【作业布置】机器学习实训：手写数字识别¶

作者：欧新宇（Xinyu OU）

本文档所展示的测试结果，均运行于：Intel Core i7-7700K CPU 4.2GHz

任务说明¶

1. 任务说明¶

构建一个模型，对给定的数字样本进行分类识别。

具体任务包括：

任务一：训练模型并对模型进行评估
任务二：单图片预测
完成任务一、二的所有代码，并保留运行结果
完善Notebook并输出为PDF格式（需要经过html进行中转），作为课程实训报告的正文部分。首页模板请在课程网站“教学文件”中进行下载。
最终的实训报告，要求在Notebook中添加必要的文字说明，不能只提交代码。可以从模型的描述，模型的选择，多个模型的实验结果对比等多个角度进行撰写。
可以通过增加代码的注释量提高代码的可读性
将完整代码和运行结果在AIStudio平台进行提交

2. 数据集说明¶

MNIST数据集包含70000个样本，其中训练集60000个，测试集10000个。每个样本都分为图片和标签，图片是28*28的像素矩阵，标签是0~9的10个数字。

3. 必要依赖库¶

numpy: Python第三方库计算库，用于进行科学计算
PIL: Python第三方图像处理库，用于图像数据的读取和处理
matplotlib: Python第三方绘图库，用于实现数据可视化
sklearn: Python机器学习库，其中封装了大量机器学习算法，例如：SVM、KMeans、NLP、决策树、KNN等。

4. 基本要求¶

将数据集的划分严格按照原始数据集的规则60000:10000，同时在进行训练的时候只使用20%的样本，测试的时候仍然使用完整的10000个样本。

5. 保存数据集中的图片¶

该方法仅用于保存数据集的图片，并进行测试使用，不做考评

import os
import sys
import numpy as np  
import matplotlib.pyplot as plt
from PIL import Image
sys.path.append(os.path.join(os.getcwd(), '..', 'Modules'))
import load_MNIST

X_test = load_MNIST.load_test_images()
y_test = load_MNIST.load_test_labels()

image_id = 9999  # 设置要保存的样本ID X_test[0:9999]

# 将numpy数组转换为PIL图像
img = Image.fromarray(np.uint8(X_test[image_id]))

# 显示要保存的图片
# plt.imshow(img)

# 保存PIL图像到磁盘指定路径
filename = 'mnist' + str(image_id) + '.png'
img.save(os.path.join(os.getcwd(), 'tmp', filename))

开始载入MNIST手写数字数据集：
 测试集图片大小: 28*28, 已载入10000/10000.
测试集标签数量: 10000...已完成。

示例代码¶

任务一：训练模型并对模型进行评估¶

Step0: 导入依赖库¶

import sys
import os
sys.path.append(os.path.join(os.getcwd(), '..', 'Modules'))
import load_MNIST
import joblib                       # 载入保存和载入模型的库工具

import numpy as np                  # Python第三方科学计算库
import matplotlib.pyplot as plt     # Python第三方绘图库
from PIL import Image               # Python第三方图像处理库
import time                         # 获取当前的时间戳
                     
'''
Q1. 以下片段请输入机器学习必须的依赖库
要求：给出每个依赖库的注释

'''

Step1: 数据准备¶

基本步骤如下:

下载mnist数据集，并保存到根目录 /Datasets/mnist/ 文件夹中。

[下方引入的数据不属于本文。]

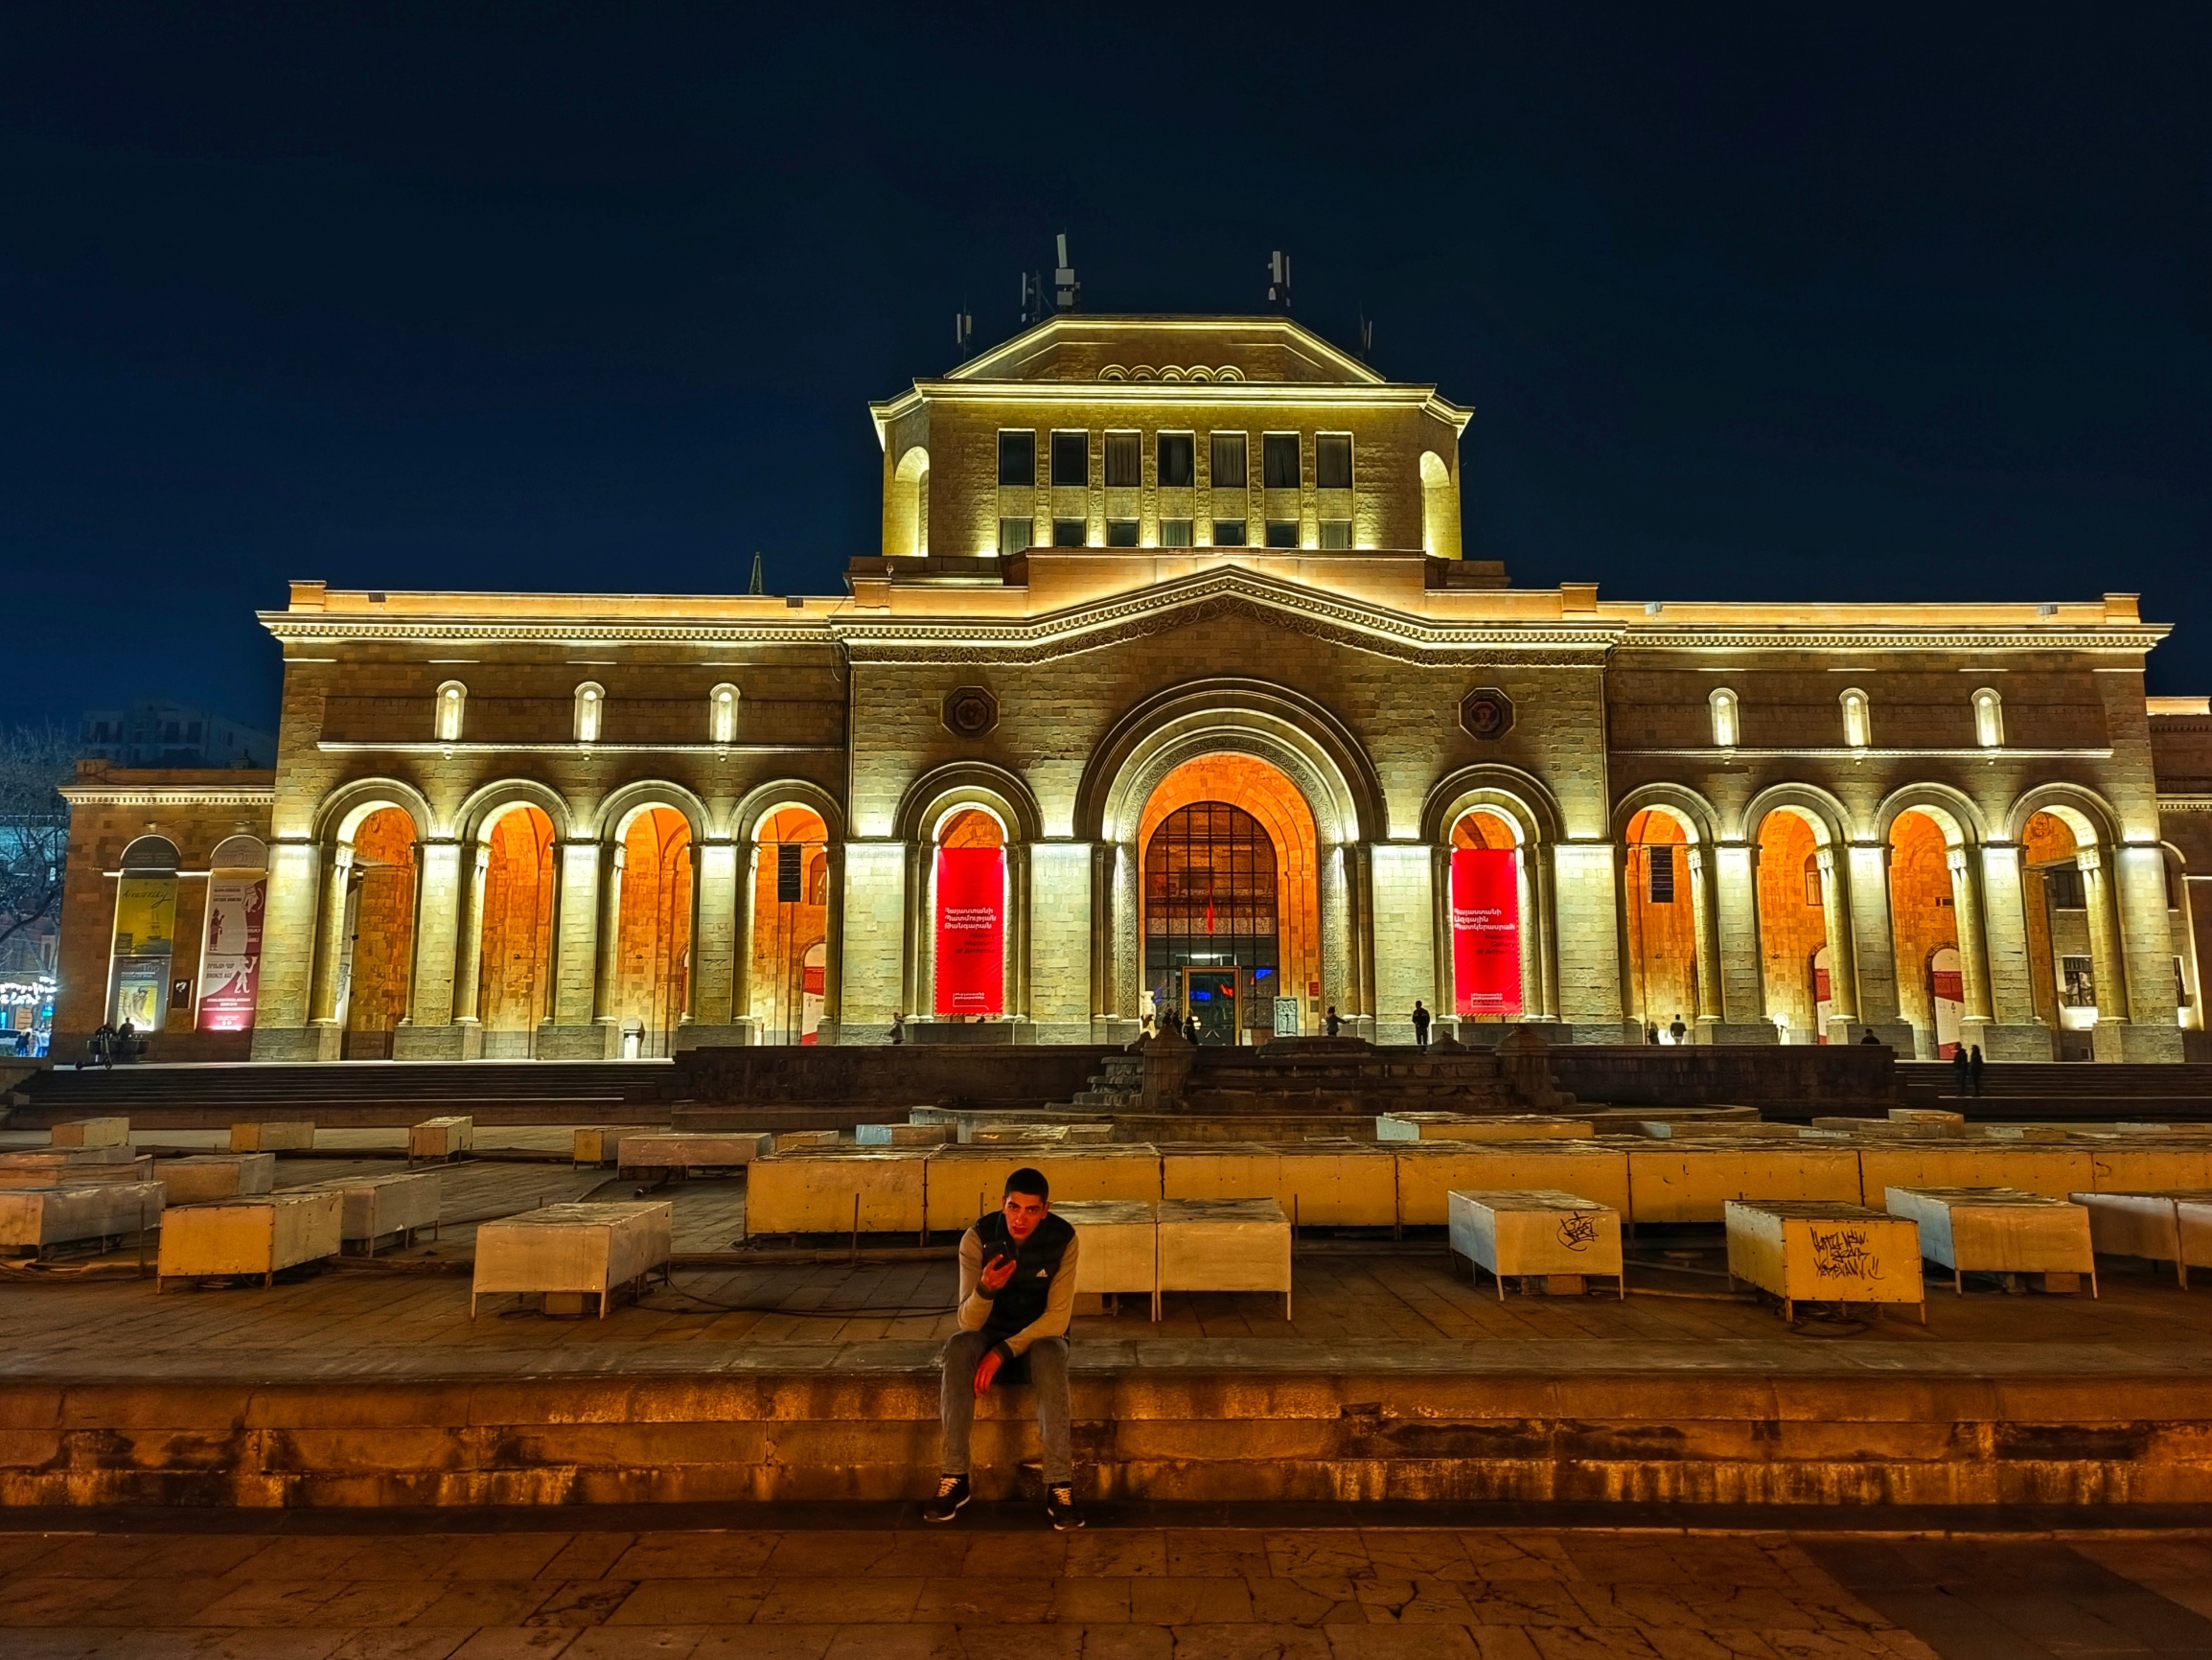 埃里温是​亚美尼亚的首都，以地位而言。 共和国广场等同于天安门广场， 旁边的步行街等同于王府井大街。

下载地址：http://ouxinyu.cn/Teaching/MachineLearning/Datasets/mnist.rar
下载mnist数据库载入程序，并保存到根目录 /Modules/load_MNIST.py 文件中。下载地址：http://ouxinyu.cn/Teaching/MachineLearning/Modules/load_MNIST.py
使用load_MNIST载入数据
对载入数据进行预处理
为了简化训练，截取20\%的的训练数据训练模型。

# 1. 载入数据
def load_datasets(show_examples = False):
    X_train = load_MNIST.load_train_images()
    y_train = load_MNIST.load_train_labels()
    X_test = load_MNIST.load_test_images()
    y_test = load_MNIST.load_test_labels()
    
    if show_examples == True:
        sample = X_train[1,:,:]
        plt.imshow(sample)
        print('样例的矩阵形式为:\n {}'.format(sample))
    
    return X_train, X_test, y_train, y_test 

# 2. 对数据进行预处理
def preprocessing(im):
    num = im.shape[0]
    im = im.reshape(num, imgSize*imgSize)
    im = im/255
#     im = im*2 - 1
'''
Q2. 给出预处理的方法，可以考虑尝试多种预处理方法，目标是提高最终测试集的性能
'''


    return im

# 3. 提取部分训练集数据
# 为了提高训练速度，我们只提取部分样本进行演示
# rate:提取的样本占总训练集的比率；
# show_examples:是否显示样例图片,默认值为False
def get_lite(rate, X_train, y_train, show_examples = False):
    num_train = int(rate * X_train.shape[0])
    
    X_train_lite = X_train[0:num_train-1,:]
    y_train_lite = y_train[0:num_train-1]   
    
    if show_examples == True:
        sample = X_train_lite[1,:]
        sample = sample.reshape(imgSize, imgSize)
        plt.imshow(sample)
        plt.show()
        print('样例(lite)的矩阵形式为:\n {}'.format(sample))
    
    return X_train_lite, y_train_lite

# X_train, X_test, y_train, y_test = load_datasets(show_examples = False)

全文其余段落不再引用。